Aristodemo Costoli (1803-1871) was an Italian sculptor who spent his entire career in the city of Florence. He is also known for attempting in 1843 to clean and conserve the famed Renaissance-era sculpture David by Michelangelo; unfortunately his hydrochloric acid cleaning solution removed the stone's waxy protective coating and left the surface pitted and porous. His students included Emilio Zocchi, Girolamo Masini, Augusto Rivalta and his son Leopoldo Costoli.

== Biography ==

=== Early life and career ===
At the age of 12 he entered the Accademia di Belle Arti e Liceo Artistico in Florence to study painting under Giuseppe Bezzuoli, Pietro Benvenuti and Pietro Ermini and sculpture under Stefano Ricci. A Self-portrait (1828; Florence, Palazzo Pitti) in oil on canvas demonstrates a Romantic style learnt from Bezzuoli and anticipates Costoli’s abilities to render portraiture in sculpture. In 1828 he won a four-year stipendium, enabling him to travel to Rome. While there he produced the over life-size gesso Menoeceus (1830; Florence, Palazzo Pitti; marble version, 1853), which was praised for its classically rendered, idealized body when exhibited at the Esposizione di Roma in 1830.

=== Maturity ===
He returned to Florence and, his reputation increasing, was appointed Assistant Master of Sculpture under Lorenzo Bartolini at the Accademia in 1839. In 1842 he executed a statue of Galileo Galilei for the city’s Museo della Specola (now the Museo Zoologico ‘La Specola’) and a second version for the exterior loggia of the Uffizi.In 1846 he sculpted a marble portrait bust of his patron Leopold II, Grand Duke of Tuscany (Lucca, National Museum of Villa Guinigi). In that year he also participated in a competition for a monument to Christopher Columbus, but the commission was given to Bartolini, who died before completing the full-size work; Costoli, Pietro Freccia (1814–56) and others finished it by 1862 (Genoa, Piazza Acquaverde), Costoli’s contribution being a figure of Prudence for the base and a low relief of Columbus Planting the Cross on the Beach. Another sculpture with this theme is the Discovery of America (1848; Florence, Palazzo Pitti), a bronze group 860 mm high on an ebony base. Its rather small dimensions and elegant decorative qualities inspired many copies.

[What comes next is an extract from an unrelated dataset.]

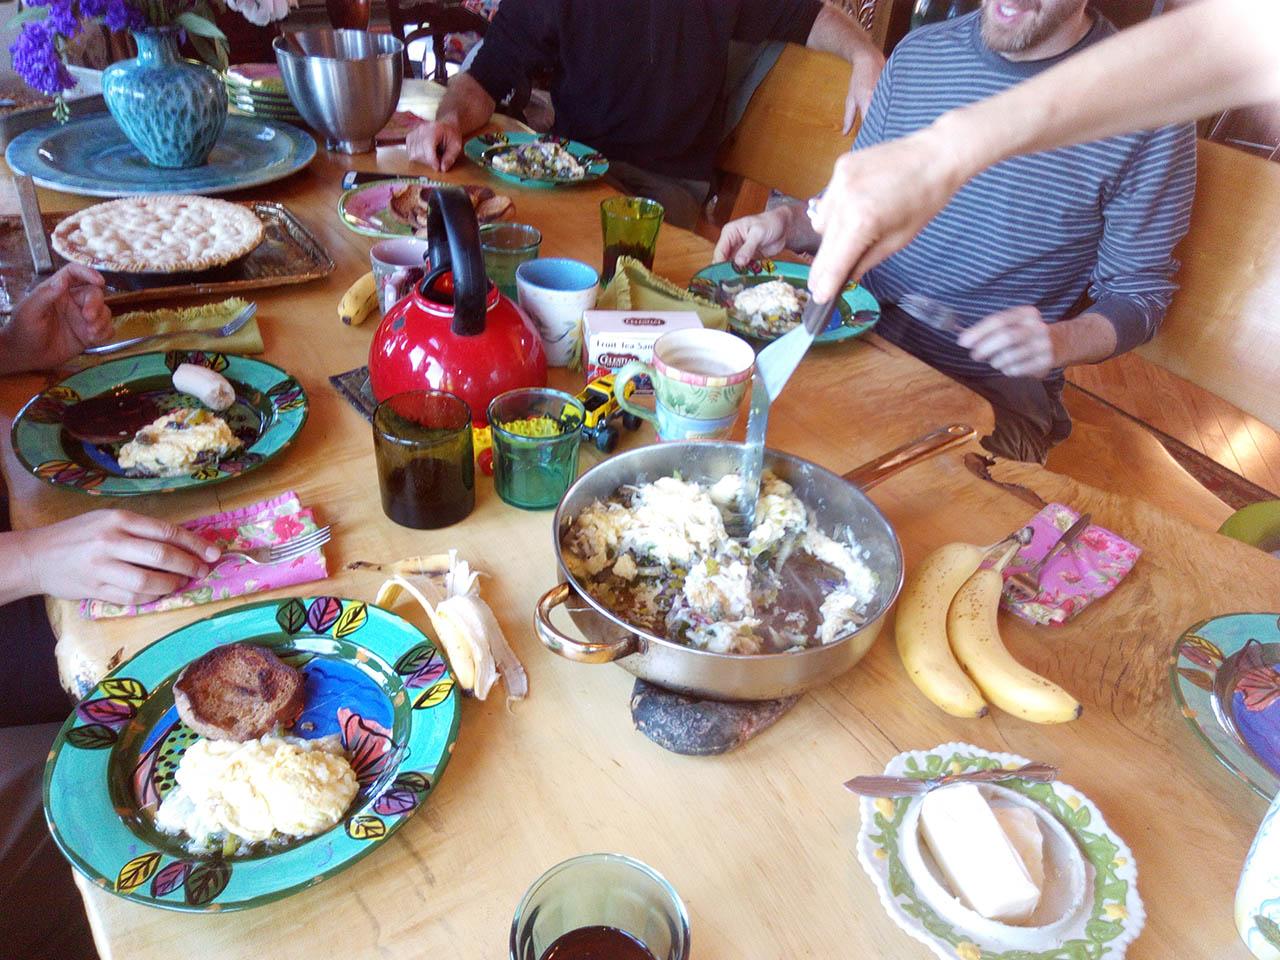 Group having breakfast.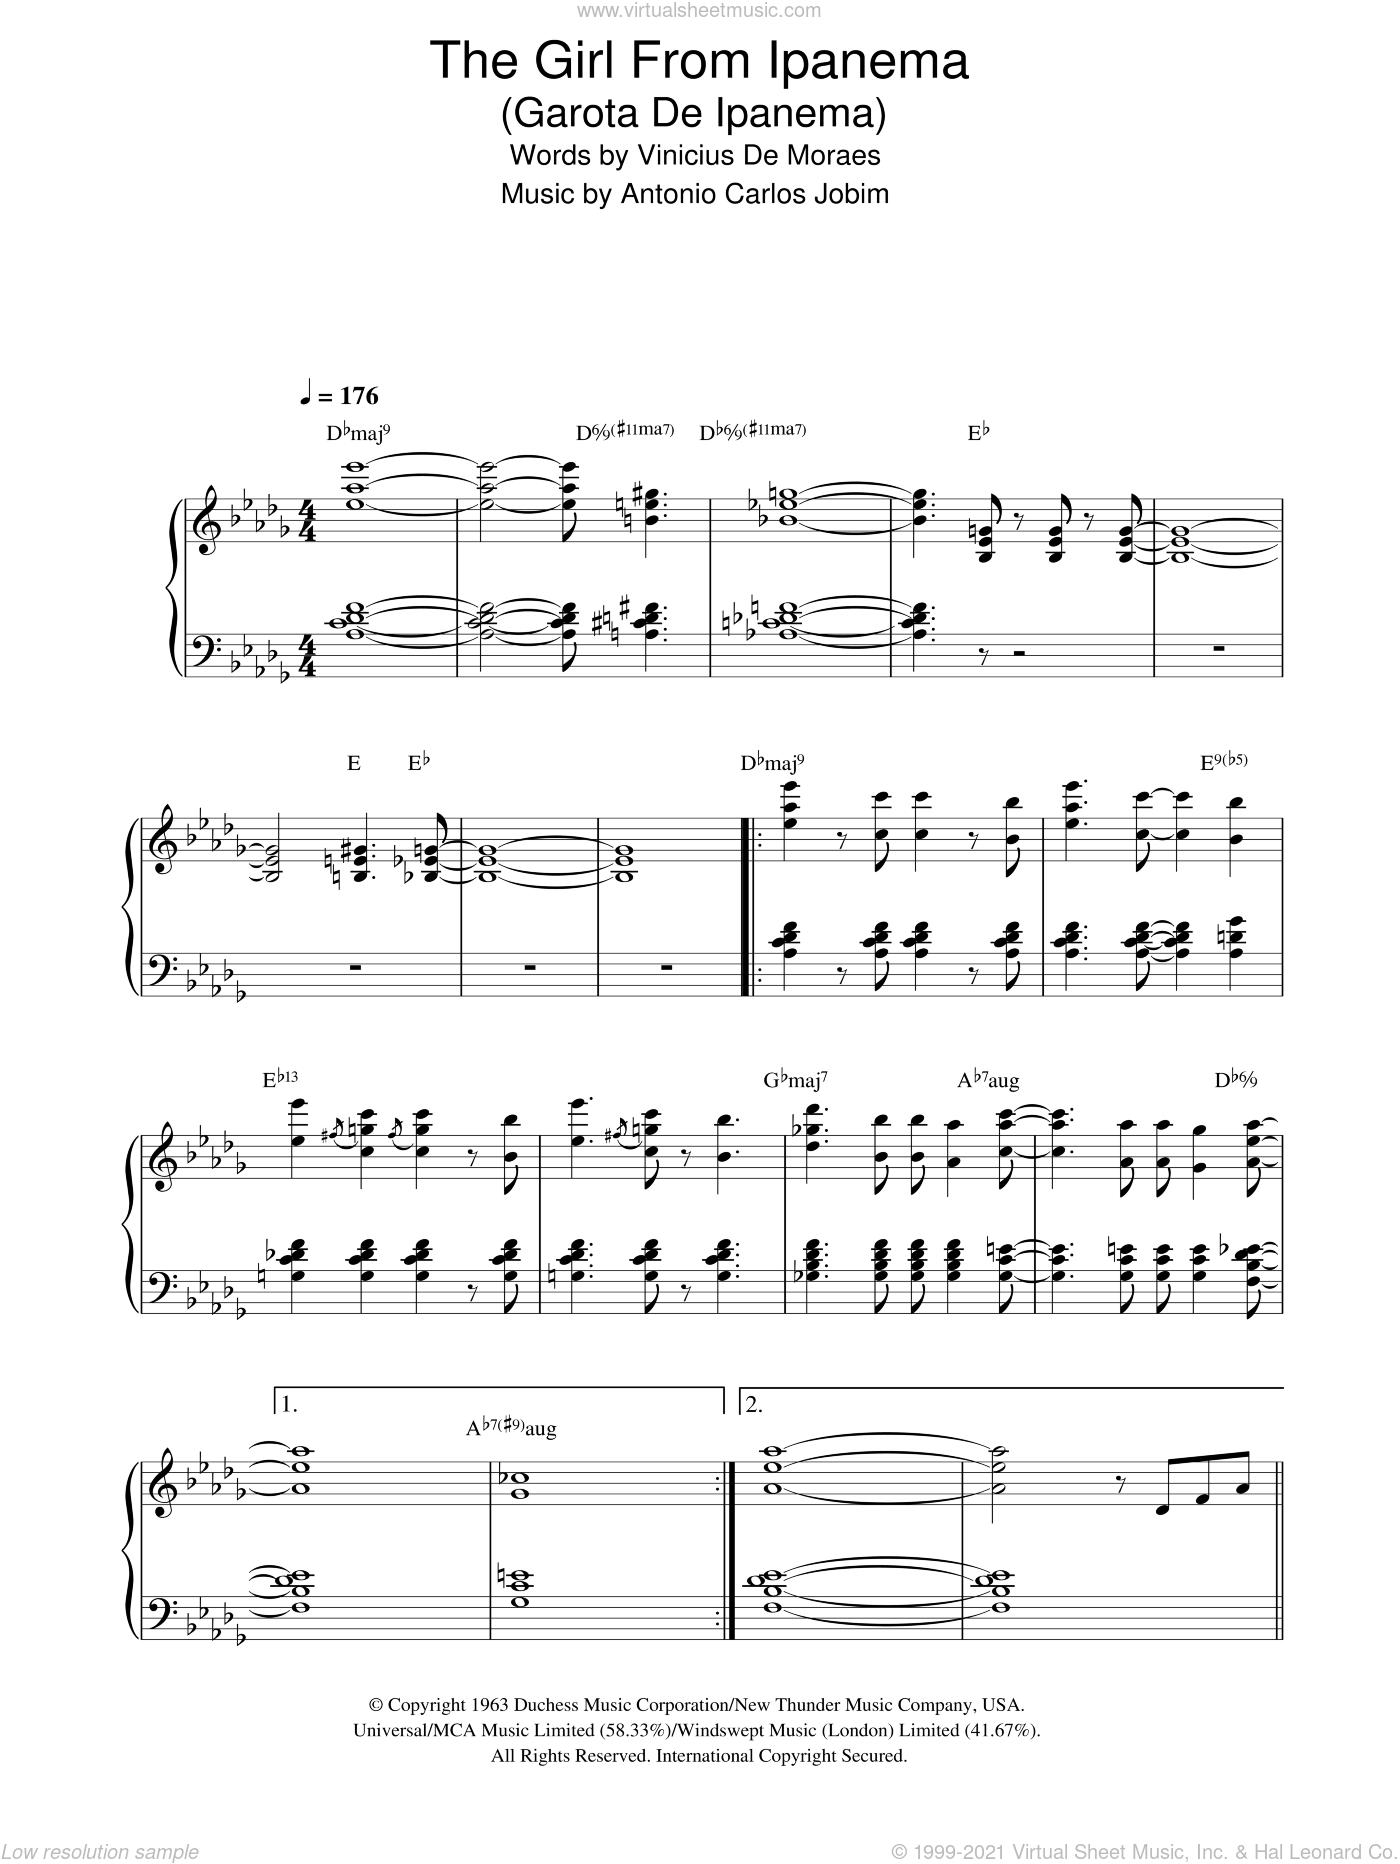 The Girl From Ipanema (Garota De Ipanema) sheet music for piano solo by Antonio Carlos Jobim and Vinicius de Moraes, intermediate skill level

Despite their artistic differences, in 1850 Costoli succeeded Bartolini as Professor of Sculpture at the Accademia. His last work was the monument to the singer Angelica Catalani (1867; Pisa, Camposanto Monumentale), an ambitious, multi-figured work that includes figures of Charity, St. Cecilia and an angel, as well as that of the deceased in her family’s arms. Critics admired Costoli’s flawless technique and his Neoclassical style that also bore signs of a restrained naturalism, but they faulted his sculptures for a certain coldness.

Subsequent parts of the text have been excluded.